The laboratory measurement of the amount of oxygen that microorganisms use to convert the food to new cell mass is called the biochemical oxygen demand (BOD5). The five day long BOD test was the earliest measure of the organic strength of wastewater and is a rough indication of how much energy (and relative cost) will be expended to treat the wastewater. Landfill leachate is typically considered a strong wastewater compared to municipal wastewater which is considered weak to moderate strength. Many municipal wastewaters are weak because they are heavily diluted with groundwater and infiltration of rainfall.

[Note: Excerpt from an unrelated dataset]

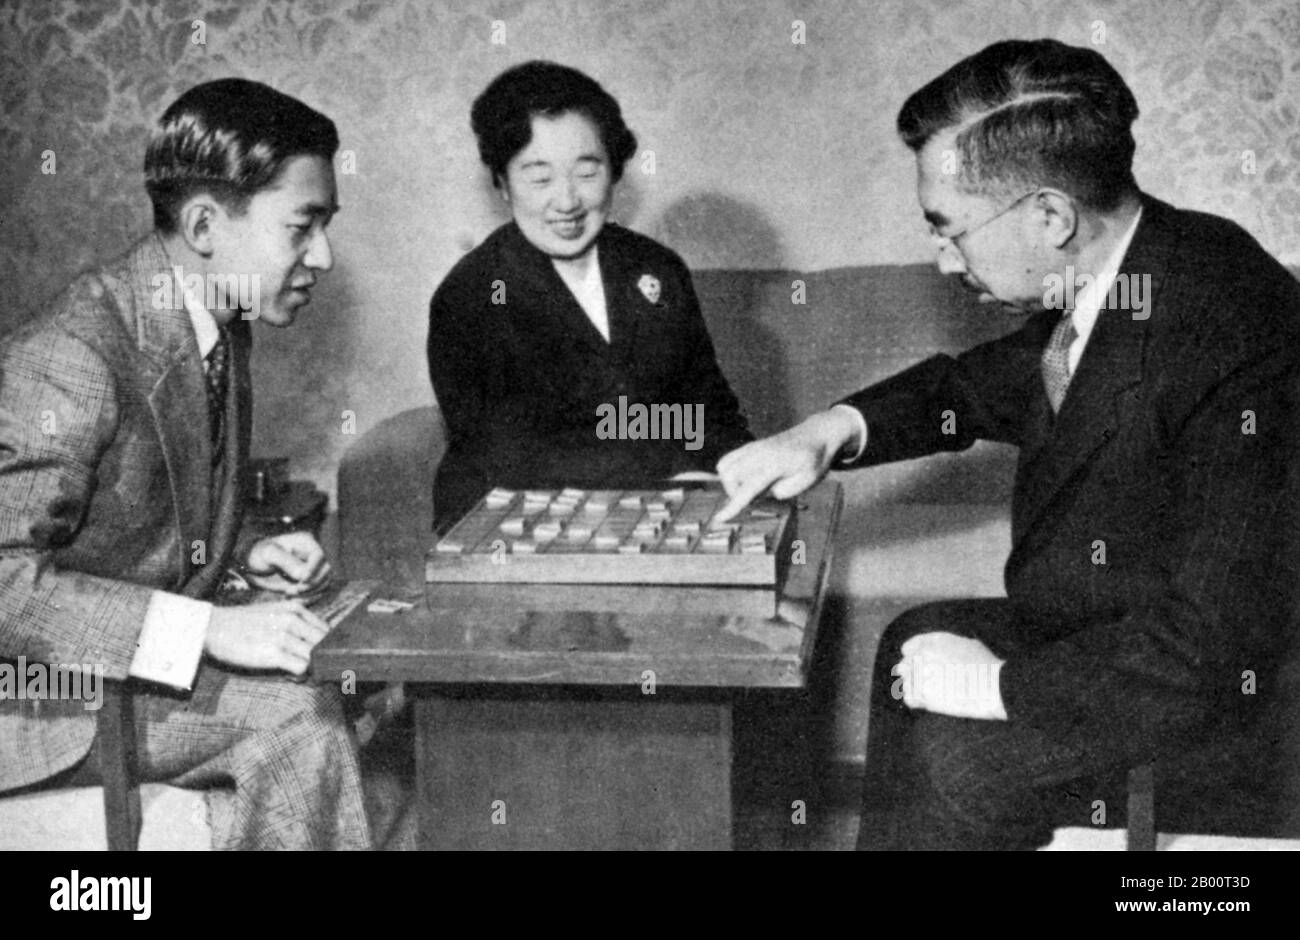 Japan: Die kaiserliche Familie spielt ein Brettspiel. Informelles Bild der kaiserlichen Familie, die ein Brettspiel spielt (1950er Jahre). Kronprinz Akihito links, Kaiserin Kojun Zentrum, Kaiser Hirohito rechts. Hirohito, der Kaiser von Shōwa, (29. April 1901 – 7. Januar 1989), war der 124. Kaiser von Japan gemäß dem traditionellen Orden, der vom 25. Dezember 1926 bis zu seinem Tod im Jahr 1989 regierte. Obwohl er außerhalb Japans besser unter seinem persönlichen Namen Hirohito bekannt ist, wird er in Japan nun ausschließlich unter seinem posthumen Namen Kaiser Shōwa bezeichnet. Stockfoto

A key design parameter for any BAS process is the Mixed Liquor Suspended Solids (MLSS). The MLSS is the concentration of suspended solids in the aeration tank. The suspended solids are mostly the active microorganisms that do the work of decomposing the organic substances. The MLSS for a BAS is typically 4,000 to 6,000 mg/l.

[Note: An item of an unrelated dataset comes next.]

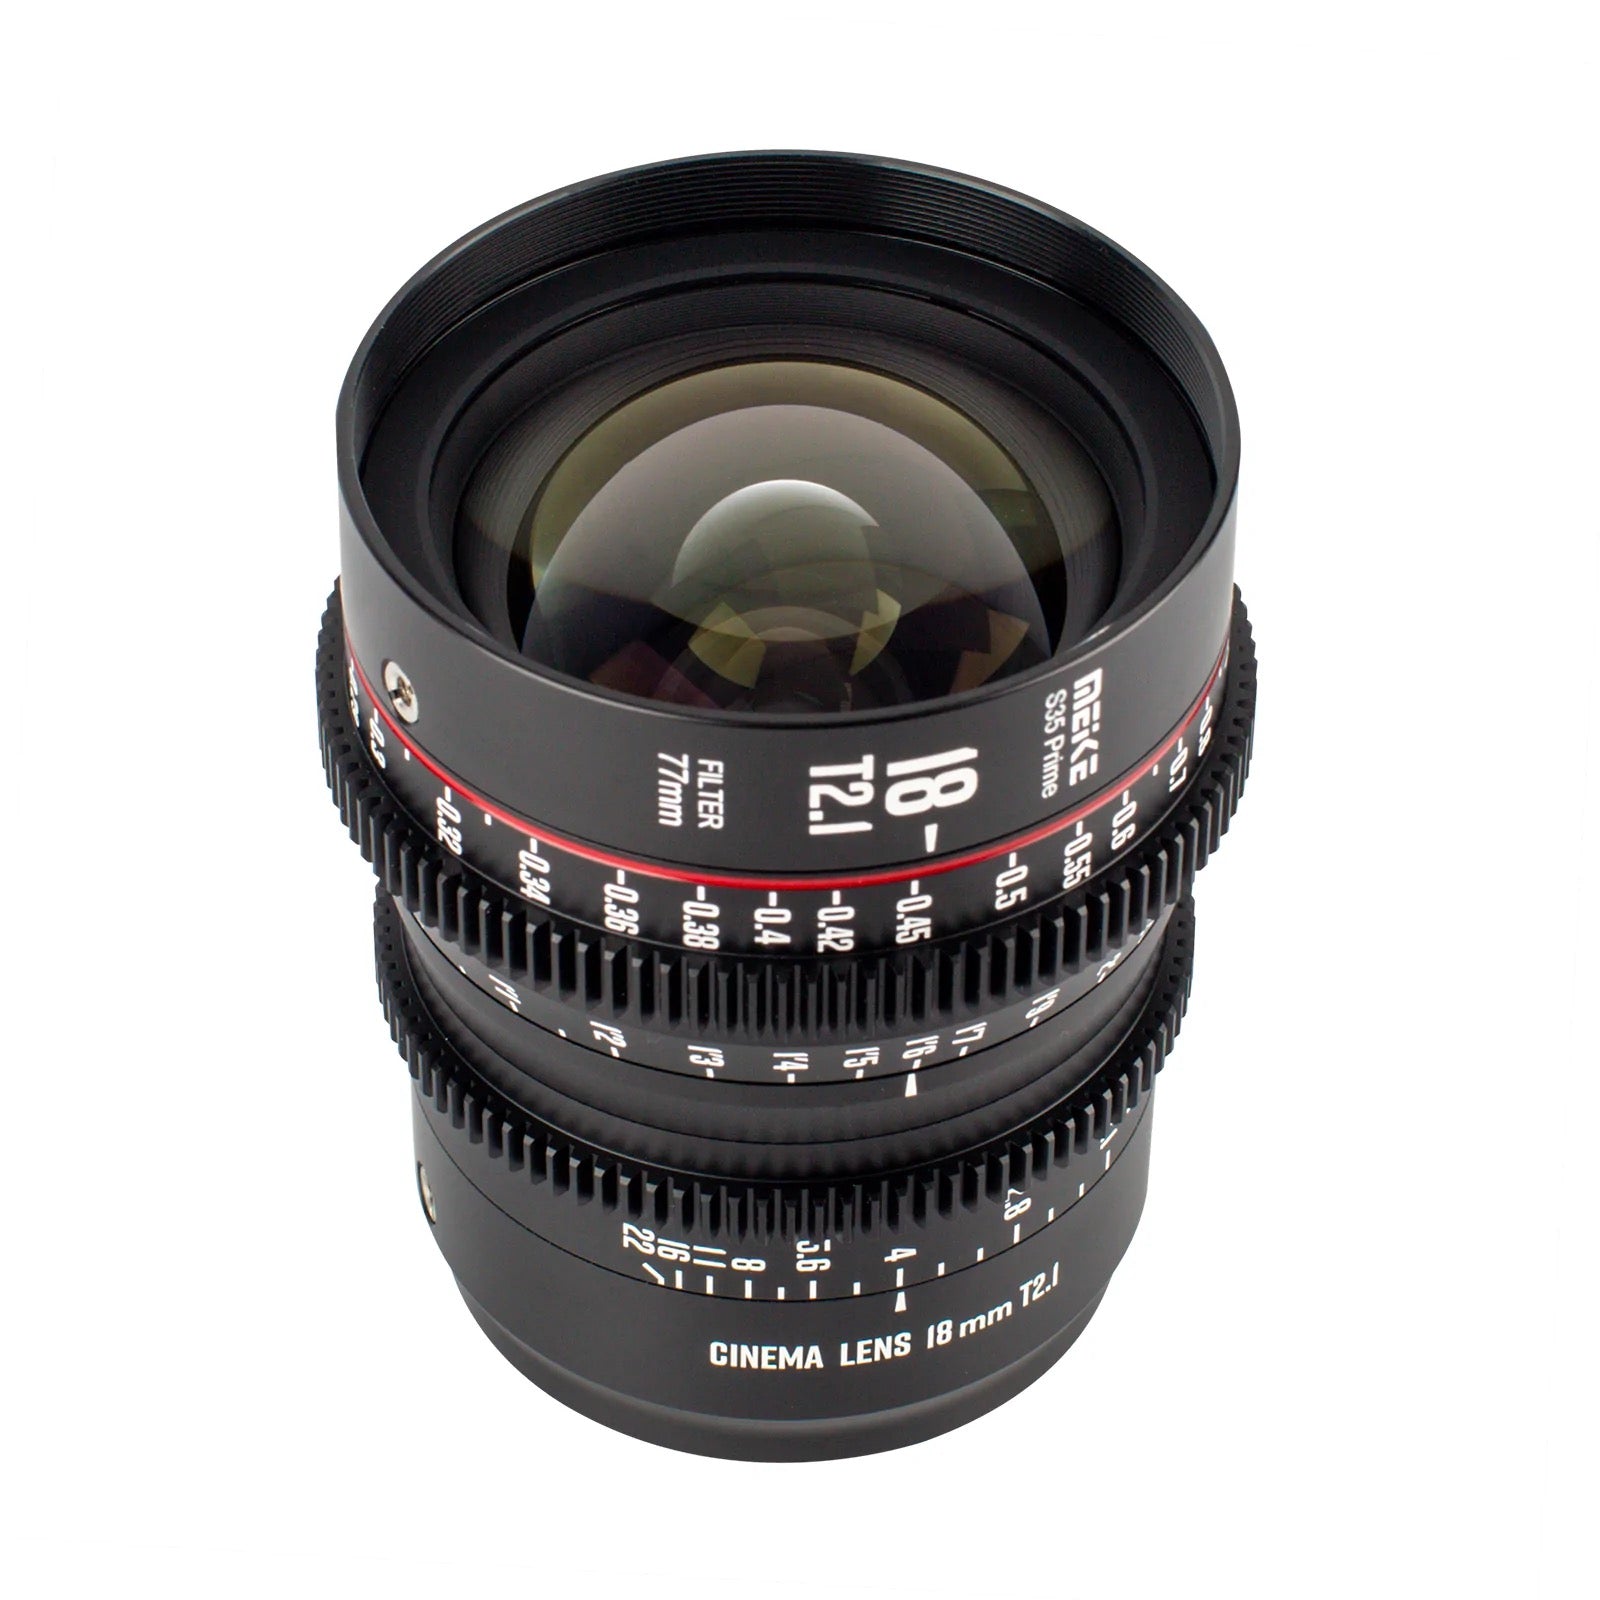 Meike Cinema Super35 18mm T2.1 Lens (EF Mount)

Many other water chemistry aspects must be considered with the BAS process. However, these have not been included to simplify this explanation.
Over the decades the BAS process has been modified to address the many different types and strengths of wastewater, increase energy efficiency, reduce treatment times, improve resilience to shock loads, and pollutant removal effectiveness. You may have heard them called Sequencing Batch Reactor (SBR), or powdered activated carbon treatment (PACT). These are variations of the BAS process. Because landfill leachate is somewhat similar in chemical makeup to municipal wastewater, with typically higher chemical constituent concentrations, the landfill sector has successfully borrowed municipal treatment technology. An improvement to the BAS process that started showing up at landfills about 15 to 20 years ago is known as the Membrane Bio-Reactor (MBR) shown here.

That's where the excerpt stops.